Similarly in City and East, which covers the City of London, Barking and Dagenham, Newham and Tower Hamlets, Mr Khan won almost 100,000 votes, though this was 25,000 fewer than the Labour assembly candidate, Unmesh Desai.

Mr Bailey also did well in City and East, outperforming his party by almost 12,000 votes.

Of the 14 assembly constituencies, Mr Khan polled more votes than Mr Bailey in seven and fewer in the other seven.

But crucially he underperformed in comparison to Labour’s assembly candidate in 10 of the 14 constituencies. In essence, Londoners appeared less keen on Mr Khan than on the wider Labour party.

Back in 2021, it was almost midnight at the old City Hall when Mr Khan was declared the winner.

Then there were two rounds of voting and 20 names on the ballot paper, making the counting of votes a lengthy process, even though it was done by machine.

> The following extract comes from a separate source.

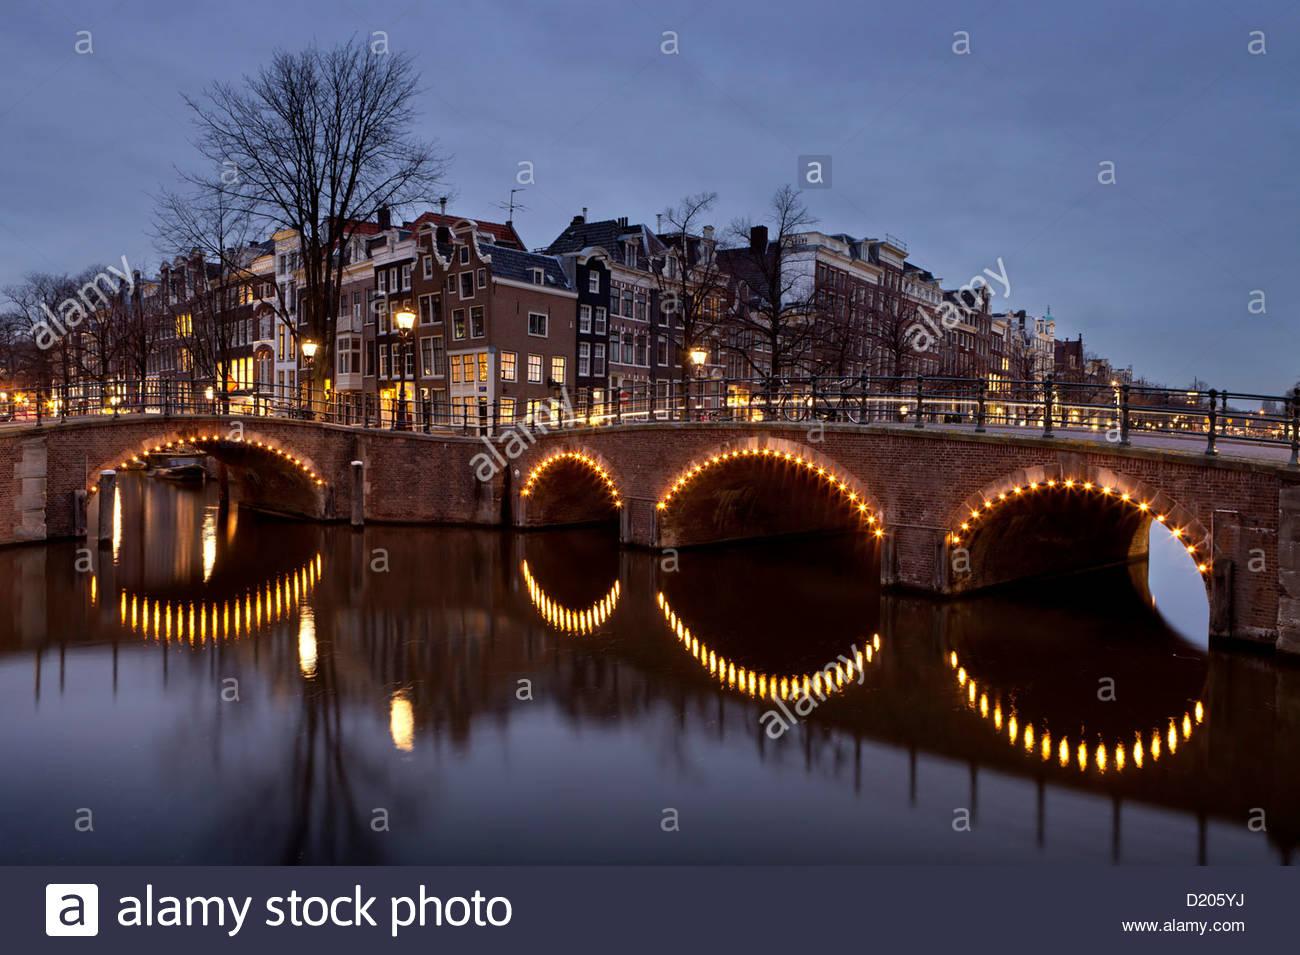 Sieben Brücken, die Konvergenz der Keizersgracht und Reguliersgracht Grachten, Amsterdam, Niederlande Stockbild

By comparison, the 2024 election uses the traditional first-past-the-post system, which means there is no second round “run off” between the top two candidates. This should speed up the process, as should the shorter ballot paper – there were only 13 mayoral candidates this time.

But turnout will be the key factor. Many expect it to be lower than the 42 per cent in 2021, which was down from 46 per cent in 2016, the highest it has been since the Greater London Authority was formed in 2000.

But about two million votes will still have to be counted at nine venues across the capital, including ExCeL, Alexandra Palace and Olympia.

The other factor is that the count will be done manually for the first time in a mayoral election. If it becomes clear by around 10pm that many votes are still to be counted, the returning officer may send the counting staff home to return the next day – meaning no declaration of the winner until Sunday.

Mr Bowes, a former aide to Mr Khan, said another factor could be the performance of the anti-Ulez mayoral candidate Howard Cox, of the Reform party.

“What will be important is how well Reform do – Susan Hall has run a Reform-y campaign, trying to squeeze their votes. A strong Reform showing in the ‘doughnut boroughs [of outer London] would be bad news for Susan Hall.”

In 2021, Labour won 11 seats on the assembly, the Conservatives nine, the Greens three and the Lib-Dems two.

Labour won nine of the 14 assembly constituency seats and the Tories five. The 11 remaining “Londonwide” seats were allocated on the basis of each party’s support across London.

In Brent and Harrow, the assembly seat was won by Labour – but Mr Bailey outperformed his party by almost 10,000 votes and received almost 4,000 more votes than Mr Khan.

The Ealing and Hillingdon assembly constituency includes Uxbridge and South Ruislip, which Labour failed to win last year in a parliamentary by-election – which Labour leader Sir Keir Starmer blamed on Mr Khan’s Ulez expansion.

If Labour loses the seat, and nearby Brent and Harrow, it will suggest that many voters in outer London remain angry about last year’s Ulez expansion.